Plasma and tissue concentrations of PTX was quantified using docetaxel (DTX) as the internal standard. Samples were prepared by liquid-liquid extraction. Specifically, plasma samples were diluted with water and extracted with methyl tertiary butyl ether. The samples were mixed and spun at high speed. The organic layer was transferred to a tube, evaporated to dryness, the tube was reconstituted with methanol and a small volume was injected into the HPLC-MS/MS. For tissues samples, frozen tissue was weighed, phosphate buffer (100 mM, pH 7.4) was added, and the tissue was homogenized using a Qiagen TissueRuptor with disposable probes.
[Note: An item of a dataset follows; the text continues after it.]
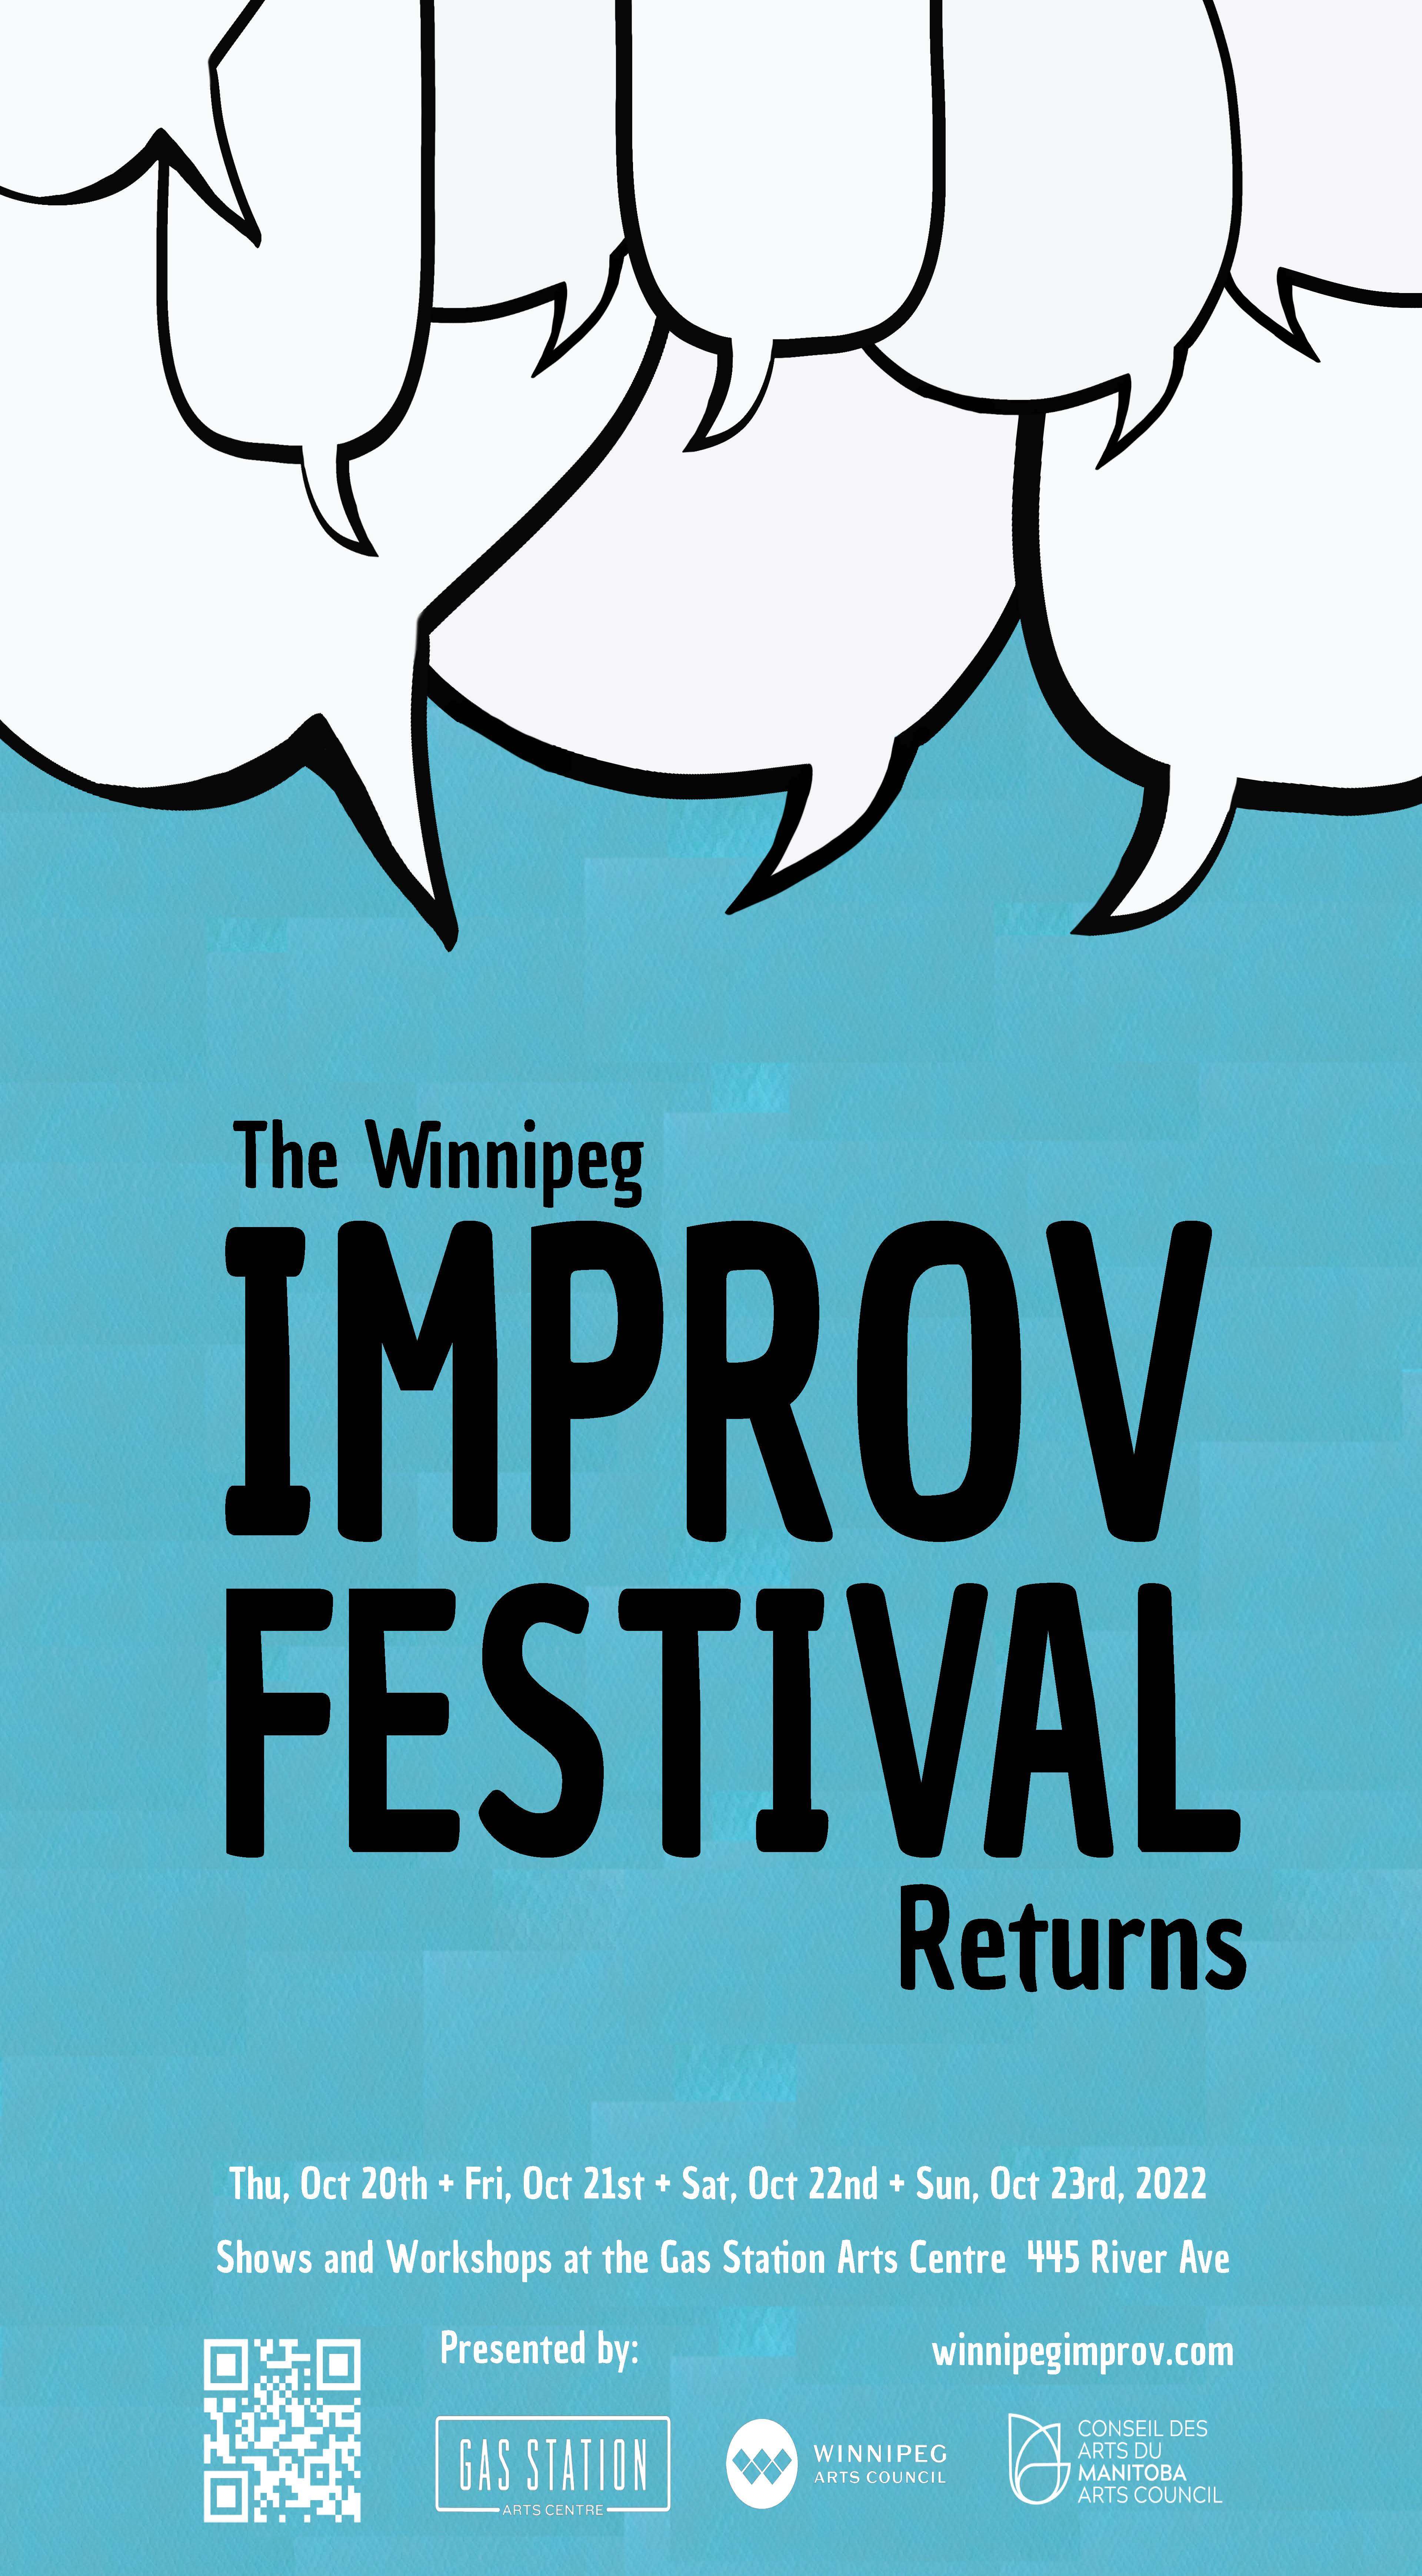 The Winnipeg Improv Festival Returns!

A volume of homogenate was removed, internal standard added, and the tissue sample was extracted using the same procedure that was used for plasma. Standards containing known amounts of PTX were prepared to estimate the concentrations in the samples. The standards ranged from 0.1-1000 ng/mL (n=10 standards including a 0) for mouse plasma samples. The standards ranged from 0.8 to 80 ng/sample (n=6 including a 0) for tumor, spleen, lung, kidney, and heart tissues, and from 1.8 to 180 ng/sample (n=6 including a 0) for liver tissue. The tissues from mice receiving no treatment were used as the matrix in the standard preparation for the respective tissues. The samples were analyzed by HPLC-MS/MS (ABSciex 4000). The mass spectrometer utilized an electrospray ionization probe and was run in positive mode. The multiple reaction monitoring (MRM) Q1/Q3 (m/z) transitions were 854.3/286.0 and 808.2/527.1, for PTX and DTX respectively.

The PK parameters were obtained via non-compartmental analyses using the sparse data option of WinNonlin (version 7.0, Certara, NJ, USA), allowing for the computation of the standard errors (SE) associated with estimated parameters.

Statistical Analysis

All statistical analysis was performed with GraphPad Prism 7 (La Jolla, CA, USA). All data were analyzed with one-way or two-way ANOVA test to determine the statistical difference of means among various groups, followed by the recommended multiple comparisons tests. A p-value less than 0.05 was considered statistically significant.